View in context: https://bugs.webkit.org/attachment.cgi?id=331897&action=review

>>> Source/WebCore/editing/markup.h:54
>>> +String sanitizeMarkup(const String&, std::optional<std::function<void(DocumentFragment&)>> fragmentSanitizer = std::nullopt);
>> 
>> Nit - I think we generally prefer to use WTF::Function over std::function.
> 
> Really? I thought we wanted to use std::function instead of WTF::Function going forward. Whatever. I'd use WTF::Function.

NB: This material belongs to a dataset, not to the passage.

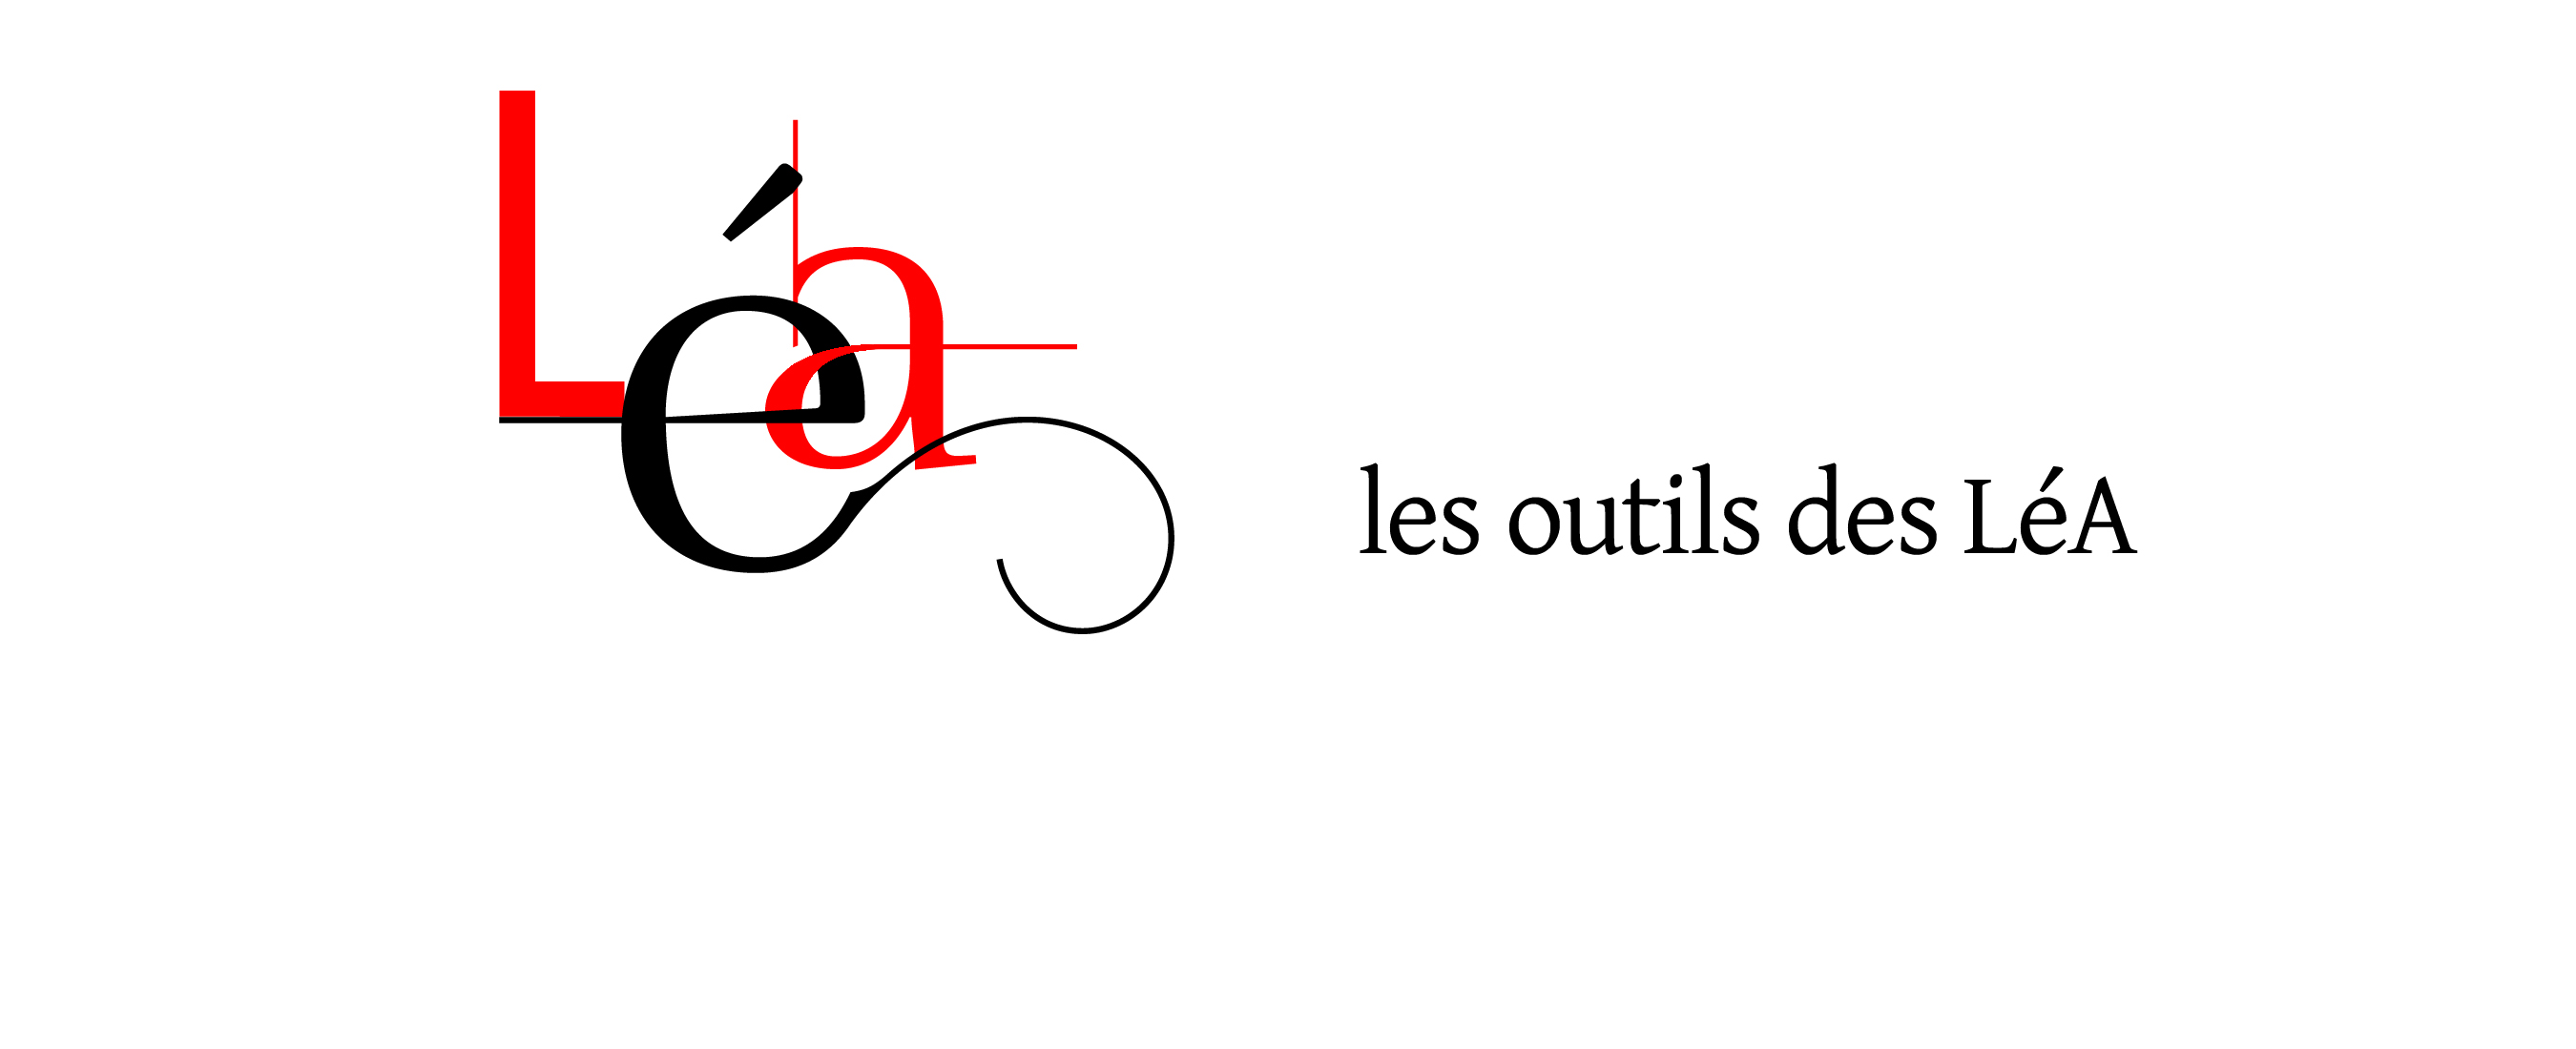 Accueil du Séminaire sur les outils des LéA: intervention de Michel Lussault

Just asked Fil Pizlo — it's WTF::Function.
Comment 14 WebKit Commit Bot 2018-01-22 10:29:51 PST
Comment on attachment 331940 [details]
Patch for landing

Rejecting attachment 331940 [details] from commit-queue.

Failed to run "['/Volumes/Data/EWS/WebKit/Tools/Scripts/webkit-patch', '--status-host=webkit-queues.webkit.org', '--bot-id=webkit-cq-01', 'build', '--no-clean', '--no-update', '--build-style=release', '--port=mac']" exit_code: 2 cwd: /Volumes/Data/EWS/WebKit

Last 500 characters of output:
urce22.cpp -o /Volumes/Data/EWS/WebKit/WebKitBuild/WebCore.build/Release/WebCore.build/Objects-normal/x86_64/UnifiedSource22.o

** BUILD FAILED **


The following build commands failed:
	CompileC /Volumes/Data/EWS/WebKit/WebKitBuild/WebCore.build/Release/WebCore.build/Objects-normal/x86_64/UnifiedSource8-mm.o /Volumes/Data/EWS/WebKit/WebKitBuild/Release/DerivedSources/WebCore/unified-sources/UnifiedSource8-mm.mm normal x86_64 objective-c++ com.apple.compilers.llvm.clang.1_0.compiler
(1 failure)

Full output: http://webkit-queues.webkit.org/results/6171151
Comment 15 Ryosuke Niwa 2018-01-22 12:38:59 PST
Created attachment 331949 [details]
Patch for landing
Comment 16 WebKit Commit Bot 2018-01-22 13:13:41 PST
Comment on attachment 331949 [details]
Patch for landing

Clearing flags on attachment: 331949

Committed r227351: <https://trac.webkit.org/changeset/227351>
Comment 17 WebKit Commit Bot 2018-01-22 13:13:43 PST
All reviewed patches have been landed.  Closing bug.